SAWT BEIRUT INTERNATIONAL

| 26 April 2024, Friday |

India: 75-week celebrations for the 75th independence anniversary.

India’s 75th Independence Day will be celebrated on Aug. 15, 2022, and the government has planned 75 weeks of events ,said the Indian Prime Minister Narendra Modi on Friday as he launched a series of events to observe next year’s 75th independence anniversary, starting with a commemoration of the Salt March to mark the beginning of the freedom movement over nine decades ago.

India’s 75th Independence Day will be celebrated on Aug. 15, 2022, and the government has planned 75 weeks of events, dubbed Azadi Ka Amrit Mahotsav.

A special committee comprising 259 members from the ruling party and opposition was set up last week to prepare the celebrations. Every week, one major event is going to be held ahead of Aug. 15.

The Salt March started in Ahmedabad on March 12, 1930, and was led by Mahatma Gandhi as a non-violent protest against the British monopoly on salt.

Gandhi and his 78 followers walked for 24 days until they reached the coastal town of Dandi on the Arabian Sea, 390 km away. He addressed large crowds all along the way, with millions of people joining the struggle for freedom.

“Salt was never valued on the basis of mere cost,” Modi said at Gandhi’s Sabarmati Ashram in Ahmedabad. “For Indians, salt represents honesty, trust, loyalty, labor, equality and self-reliance. Amrit Mahotsav means elixir of energy of independence. It means elixir of inspirations of the warriors of freedom struggle, elixir of new ideas and pledges and nectar of atma nirbharta (self-reliance).”
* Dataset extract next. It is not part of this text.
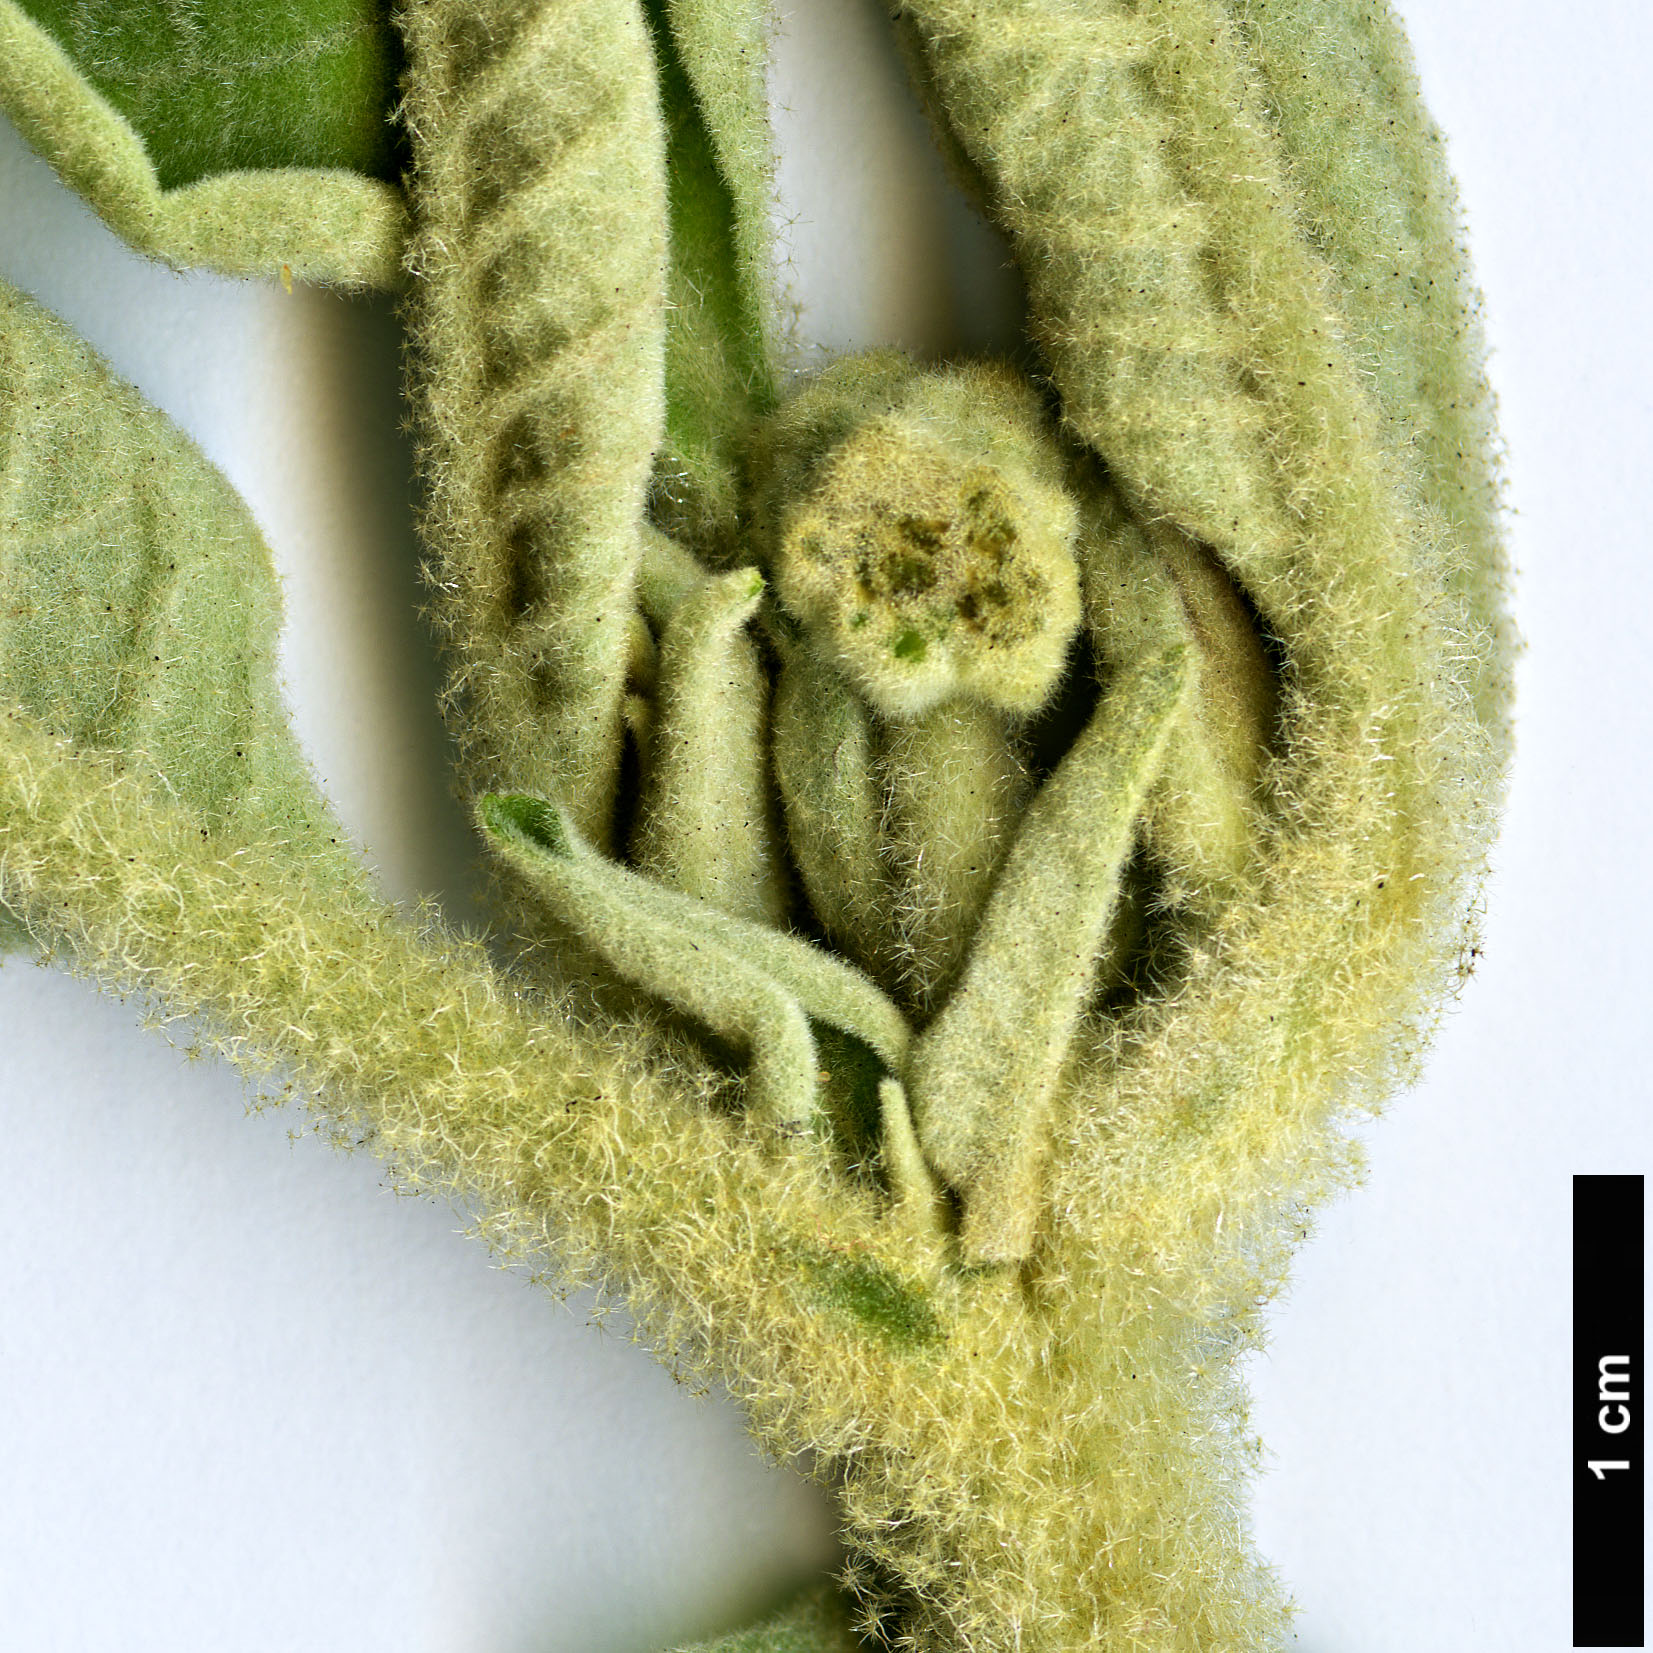 High resolution image: Family: Solanaceae - Genus: Solanum - Taxon: mauritianum

A controversy has arisen, however, as media reports said that the freedom movement leaders being celebrated during the events would not include India’s first prime minister, Jawaharlal Nehru, who is widely regarded as the architect of modern India and a visionary who laid the foundations of a pluralist and secular nation.
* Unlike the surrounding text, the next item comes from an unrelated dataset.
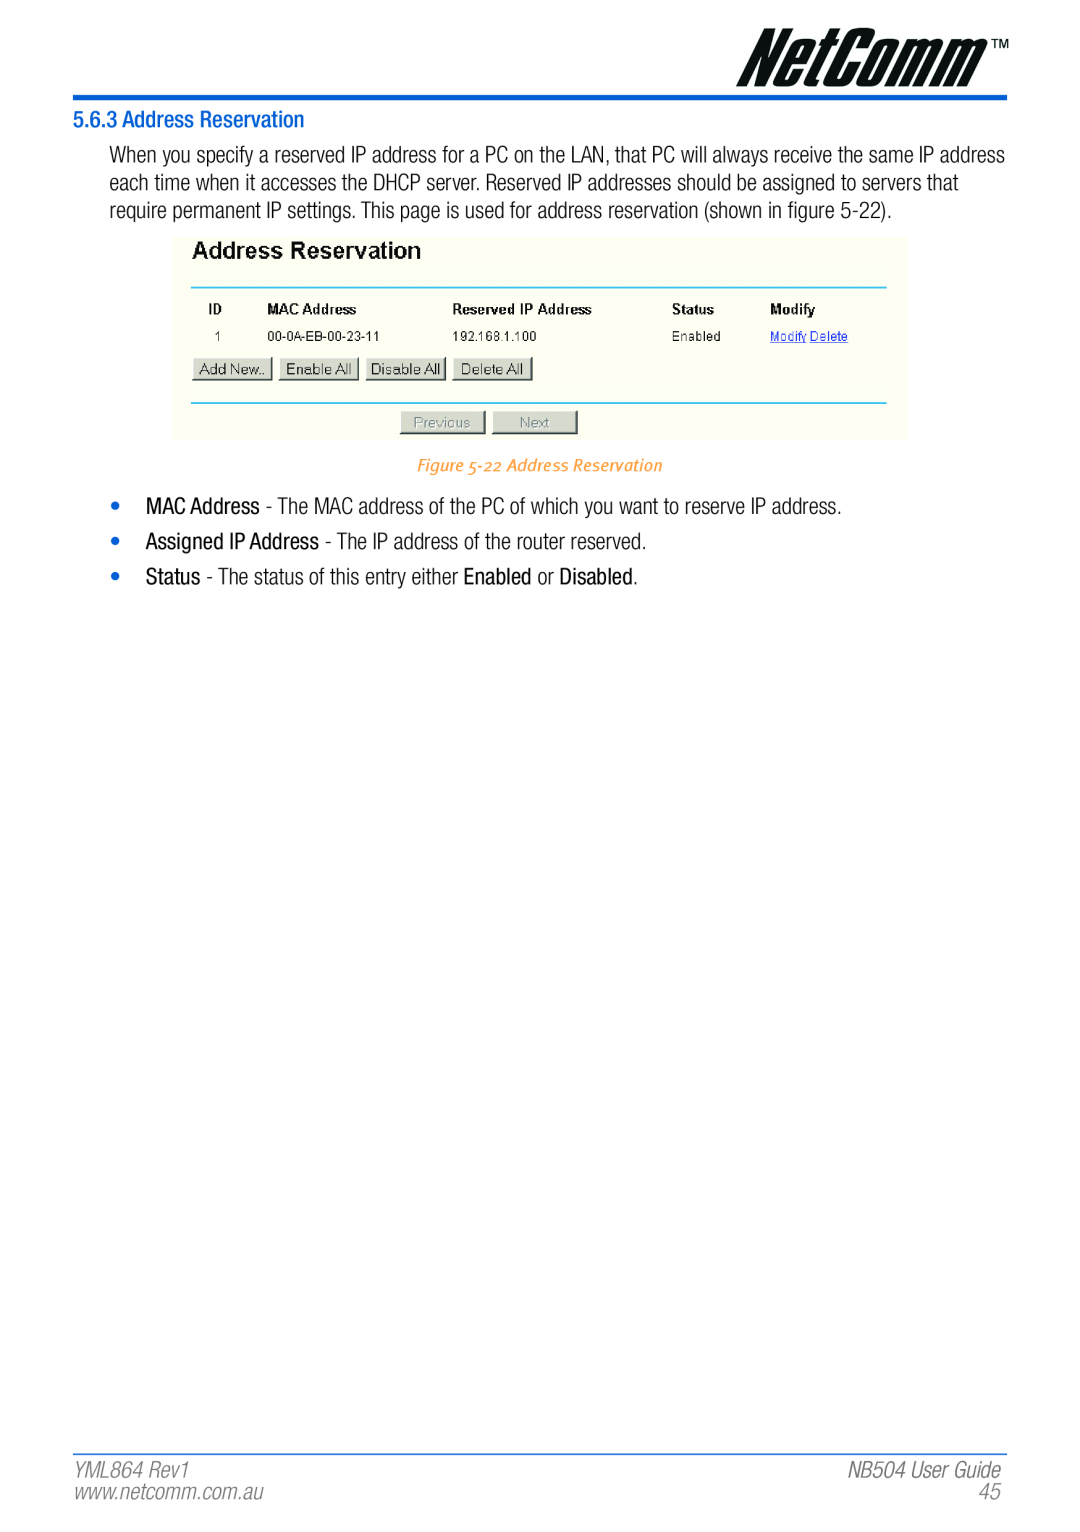 NetComm manual YML864 Rev1, 22 Address Reservation, NB504 User Guide

But it was unsurprising that Nehru was being left out of the celebrations, according to Prof. Aditya Mukherjee from Jawaharlal Nehru University (JNU).

“It is a matter of utter shame when the whole world recognizes Nehru as a beacon of the freedom movement and Indian democracy and our own country will celebrate minus Nehru,” he told Arab News. “The greatest tragedy for the nation is that people who did not share the values of the national movement — secularism, democracy — they are in power and celebrating independence. What values of independence are we celebrating when the international community has downgraded India as a democracy?”

An independent Swedish research institute, V Dem Institute, in its Democracy Report 2021 earlier this week called India an “electoral autocracy,” days after US-based Freedom House downgraded the country’s status from “free country” to “partly free.”

Freedom House said in its annual report that civil rights in India had been eroding since Modi became prime minister in 2014.

Sudheendra Kulkarni, a political commentator and advisor to former Prime Minister Atal Bihari Vajpayee who led the first government of the now ruling Bharatiya Janata Party, said Modi should do much more to invoke the legacy of the Dandi march.

“Mahatma Gandhi not only stood for India’s political independence, but also for a nation that is committed to Hindu Muslim unity,” Kulkarni said. “Modi should show sincerity and commitment to India’s secular unity.”

He suggested that the 75th anniversary of independence be celebrated jointly with Pakistan and Bangladesh, which belong to the subcontinental family that became independent from the British in 1947.

“Modi should give a call that the 75th anniversary should be celebrated jointly by the people of India, Pakistan and Bangladesh,” Kulkarni said. “People of Pakistan and Bangladesh are part of the undivided India and fought together against colonial rule.”